Mr Justice Nial Fennelly, Mr Justice Liam McKechnie and Mr Justice John MacMenamin prepared the Supreme Court's 116-page judgment, delivered yesterday, with which Chief Justice Mrs Justice Susan Denham and Mr Justice John Murray agreed.
The matter was adjourned to allow the sides consider the judgment. Costs and other issues will be decided later. The costs of the High Court case were estimated at more than €6 million and overall costs at more than €7 million.
The case concerned four routes through the estate – A-B (from Crushmore through Coillte lands); B-C (the Main Avenue); B-D (Forge Avenue); and B-E (Farm Avenue).
The Supreme Court ruled that the common law of Ireland required, before a public right of way can be established, that it is necessary to prove the owners of the lands dedicated the way to the public and the public accepted that dedication.

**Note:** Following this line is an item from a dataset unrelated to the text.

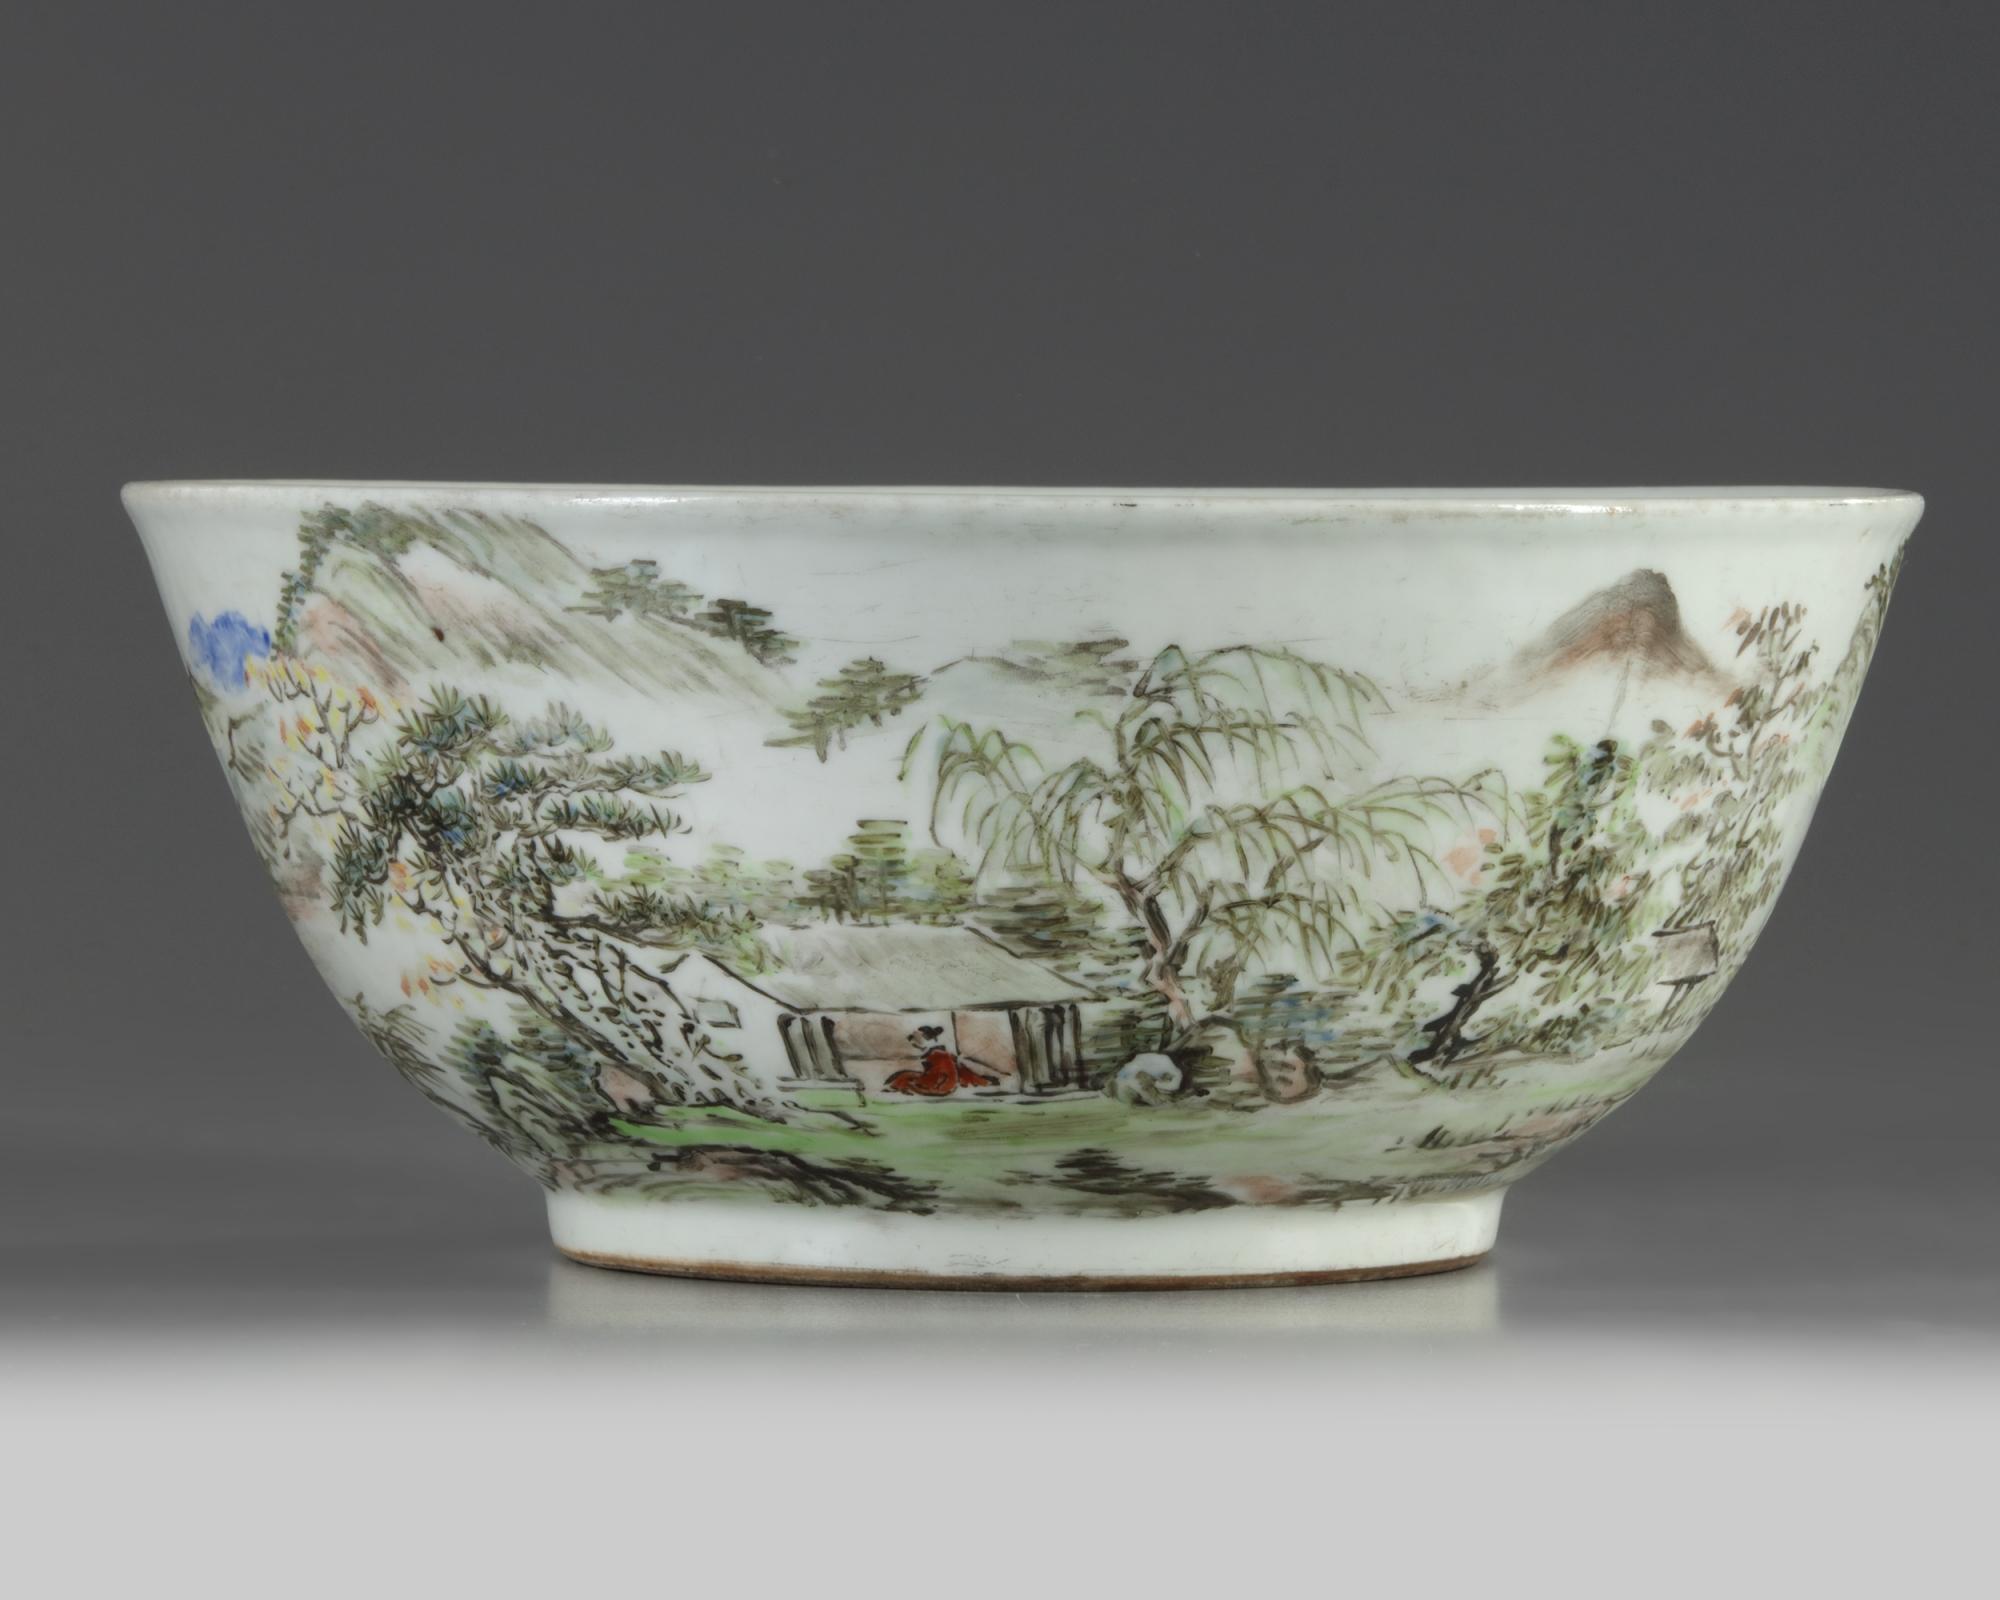 Lot 45 - A large Chinese Qianjiang-style bowl

What was required was proof of use of the way by the public as of right for such a period of time and of such frequency and intensity as to lead to an inference, on considering all the circumstances, that the landowners dedicated the way to public use.

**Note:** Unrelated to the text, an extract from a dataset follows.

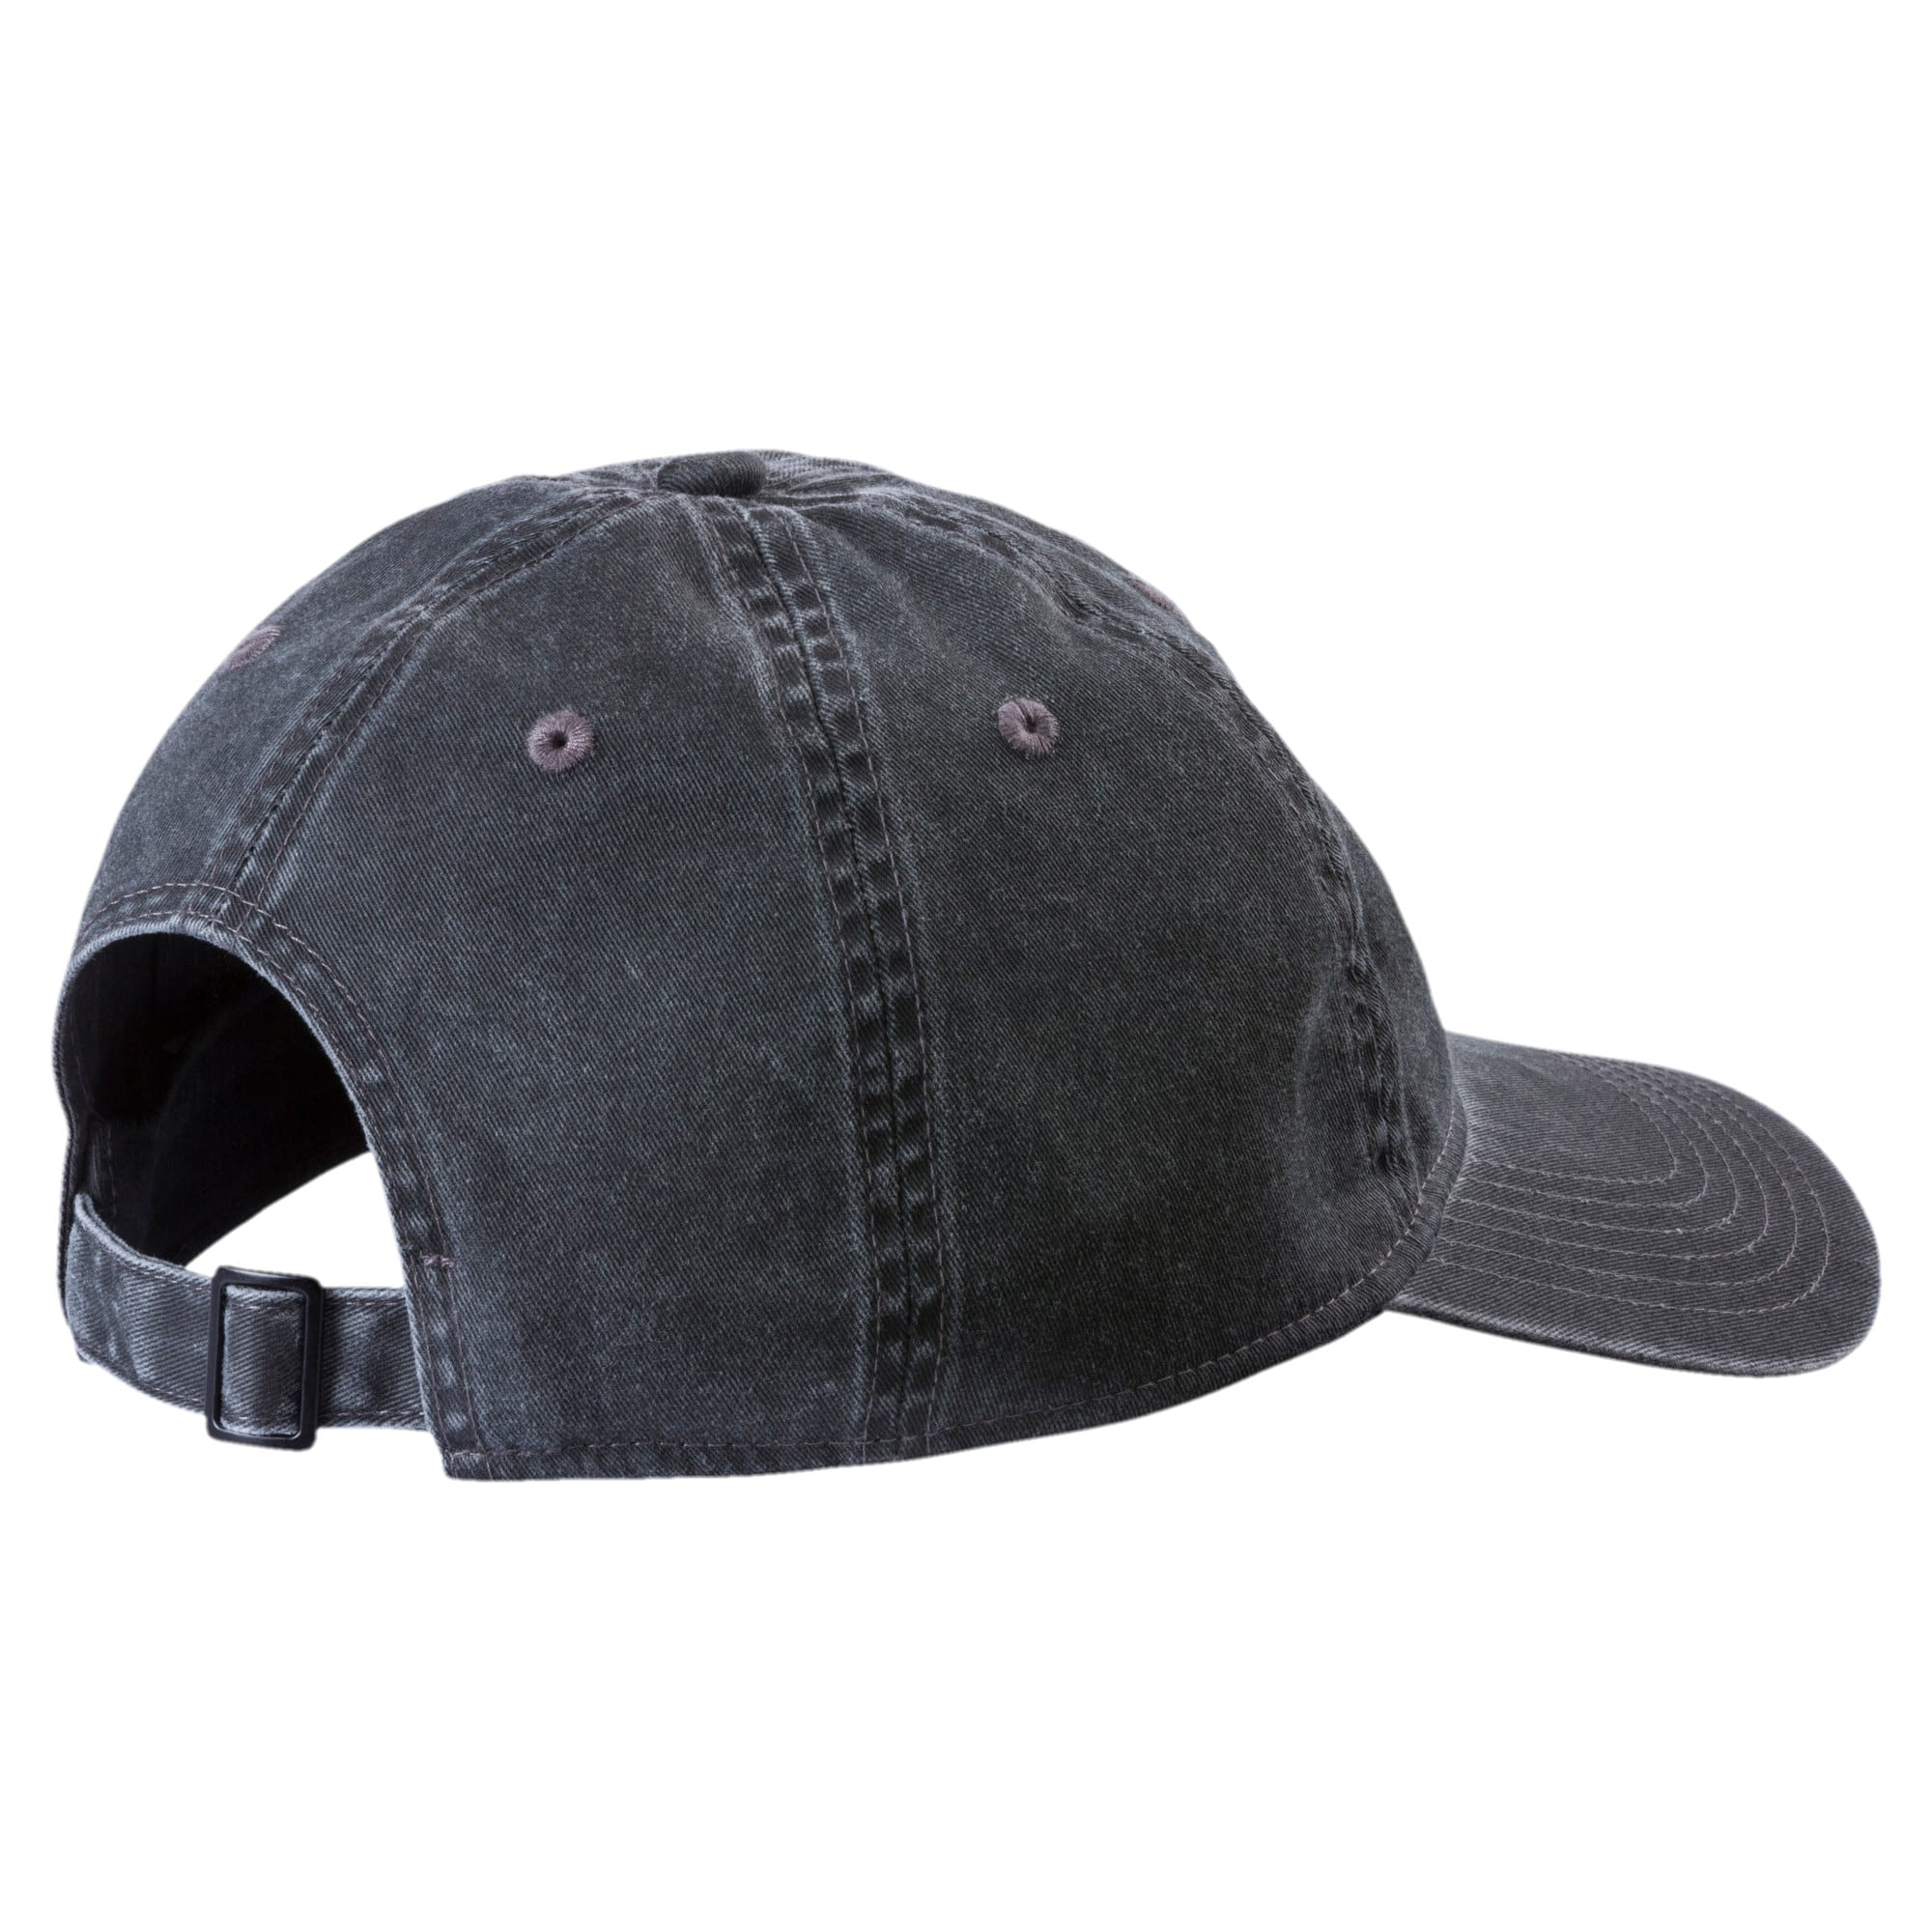 Thumbnail 2 of ARCHIVE BB cap, Puma Black, medium

The High Court found public use of the routes through the estate dated from at least the early 1950s and ruled dedication occurred between 1857-1861.

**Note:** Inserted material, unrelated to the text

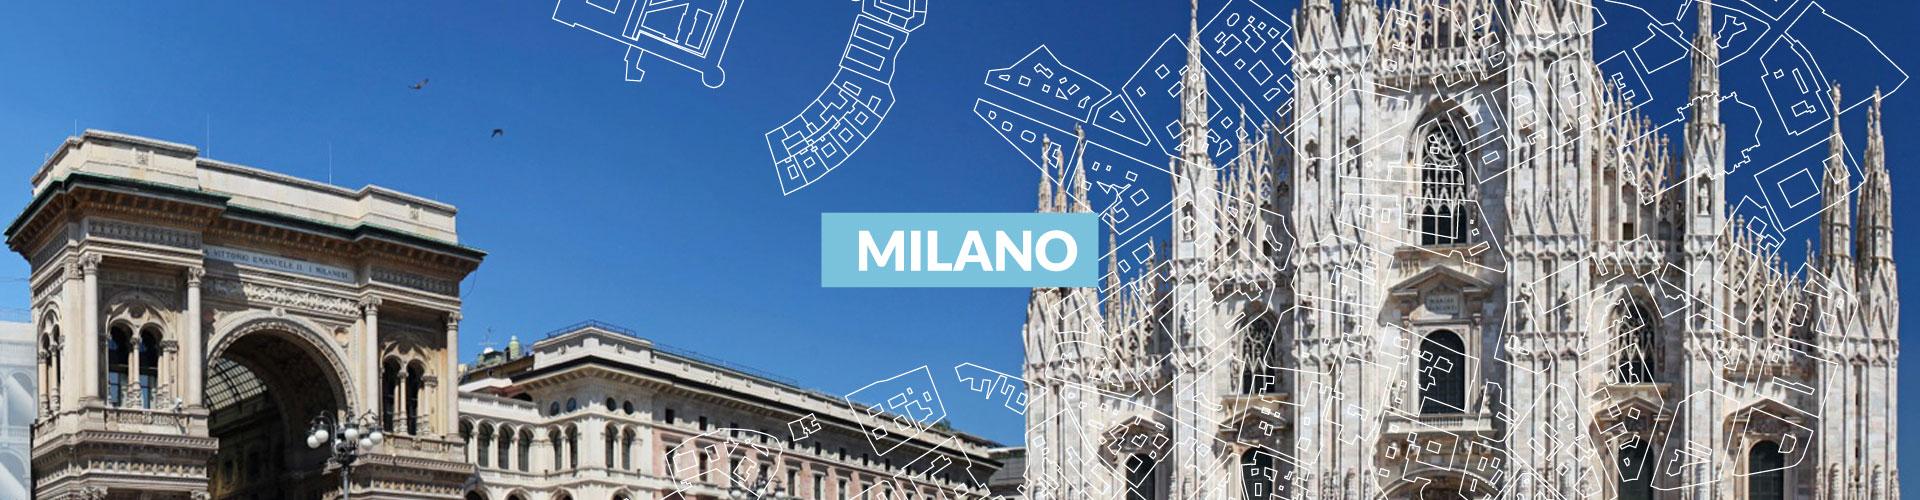 milano_slide-min

The Supreme Court ruled the High Court judge incorrectly stated the law when he found evidence of public use was itself “right-creating” and led to an “almost irresistible inference” of dedication. That statement failed to distinguish between the acquisition of a right of way by prescription, as in the case of a private right of way, and dedication, it said.
The Supreme Court overturned the High Court finding that Sir Robert Gore-Booth and his son Newcomen had between 1857 and 1861 dedicated public rights of way over routes B-C (Main Avenue) and B-D (Forge Avenue). Because the public use upon which that finding was based began in the 1950s, within living memory, it could not logically be a basis for a finding of dedication by reference to such public use almost a century earlier, the court said.
Having found no evidence the third route B-E (Farm Avenue) existed before it appeared on the 1855 Ordnance Survey map, the court ruled the High Court erred in finding that route was dedicated for public use between 1857 and1861.
Dealing with the finding a public right of way existed historically along a coastal route from Carney to Johnsport, the court noted part of that route (from Crushmore to Bunbrenóige Bridge) passes over lands owned by Coillte since 1968. No declaration could be made regarding the Coillte part of the route as Coillte was not involved in the case, it ruled.
Car park
The Supreme Court agreed with the High Court there was a public right of way over that section of the coastal route passing over the Lissadell lands from Bunbrenóige Bridge (used mainly for access to the sea) but found there was no public right to park cars on the Lissadell lands adjoining that part because that would entail the creation of a public car park on private lands.